RenderTurboStream

This gem has a second README Turbo::StreamsChannel. Starting point is here. And I recommend that you download my Quick-and-dirty test project, set it up, see all the tests succeed, and then read through this README.

As of v4.3, locals inside partials should work as expected. If you are working with turbo but without this gem, please read readme-locals to avoid tedious details.

Defining templates like (create|update).turbo_stream.haml is a heavy mix of logic and view. This gem separates logic and view so that *.turbo_stream.* templates are no longer necessary and the logic can stay on the ruby side.

For :replace actions, responses must be wrapped inside a turbo_frame_tag with a matching target_id. The gem will regex the content and wrap it by a turbo_frame_tag if necessary but not present. This way the matching target_id is only defined in one place. This check only happens on the first call after restarting the application in production and on every call if precompile assets is set to true in configs.

There are many different ways to handle redirects since turbo. Some details are handled here.

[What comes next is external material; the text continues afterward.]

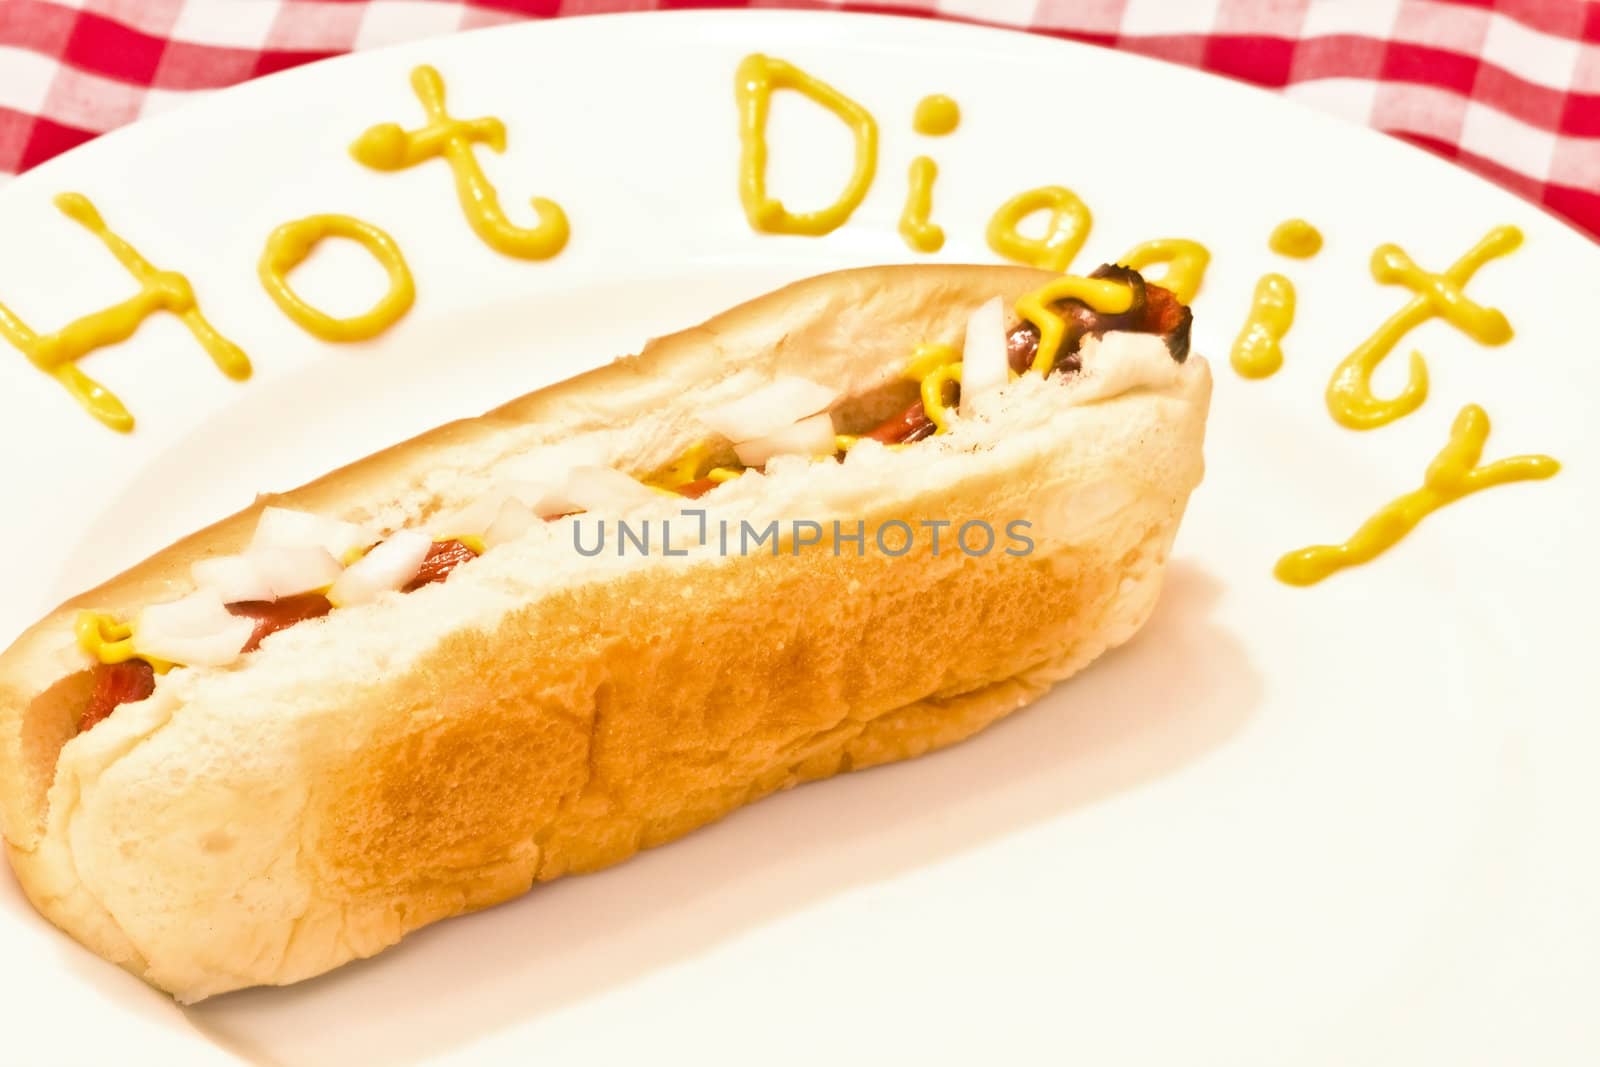 hot dog on a white plate with hot diggity spelled out

Execute turbo_power commands such as adding a css class to an html element, can be sent directly from the controller.

Has a testing strategy.

An overview of how we design a rails-7 application with turbo is published on dev.to.

Chris

Installation

gem 'render_turbo_stream'
bundle install

Include the helpers

ApplicationController

include RenderTurboStream::ControllerHelpers

Create a Initializer

ActionView::Base.send :include, RenderTurboStream::ViewHelpers

spec/rails_helper.rb (for rspec)

RSpec.configure do |config|
  #...
  config.include RenderTurboStream::Test::Request::Helpers, type: :request
  config.include RenderTurboStream::Test::Request::ChannelHelpers, type: :request
  config.include RenderTurboStream::Test::System::Helpers, type: :system
end

Flash

Required Configurations for Flash Partial

    config.x.render_turbo_stream.flash_partial = 'layouts/flash'
    config.x.render_turbo_stream.flash_target_id = 'flash-box'
    config.x.render_turbo_stream.flash_turbo_action = 'prepend'

    # In case of redirection a flash cannot be sent by TurboStream
    config.x.render_turbo_stream.allow_channel_to_me_for_turbo_stream_save = true

    config.x.render_turbo_stream.store_last_saved_object = true # default: false
    # saves the last successful saved record into session['last_saved_object'] as global_id
    # this can be accessed by view_helper #last_saved_object

For the latter you have to setup channels, see below.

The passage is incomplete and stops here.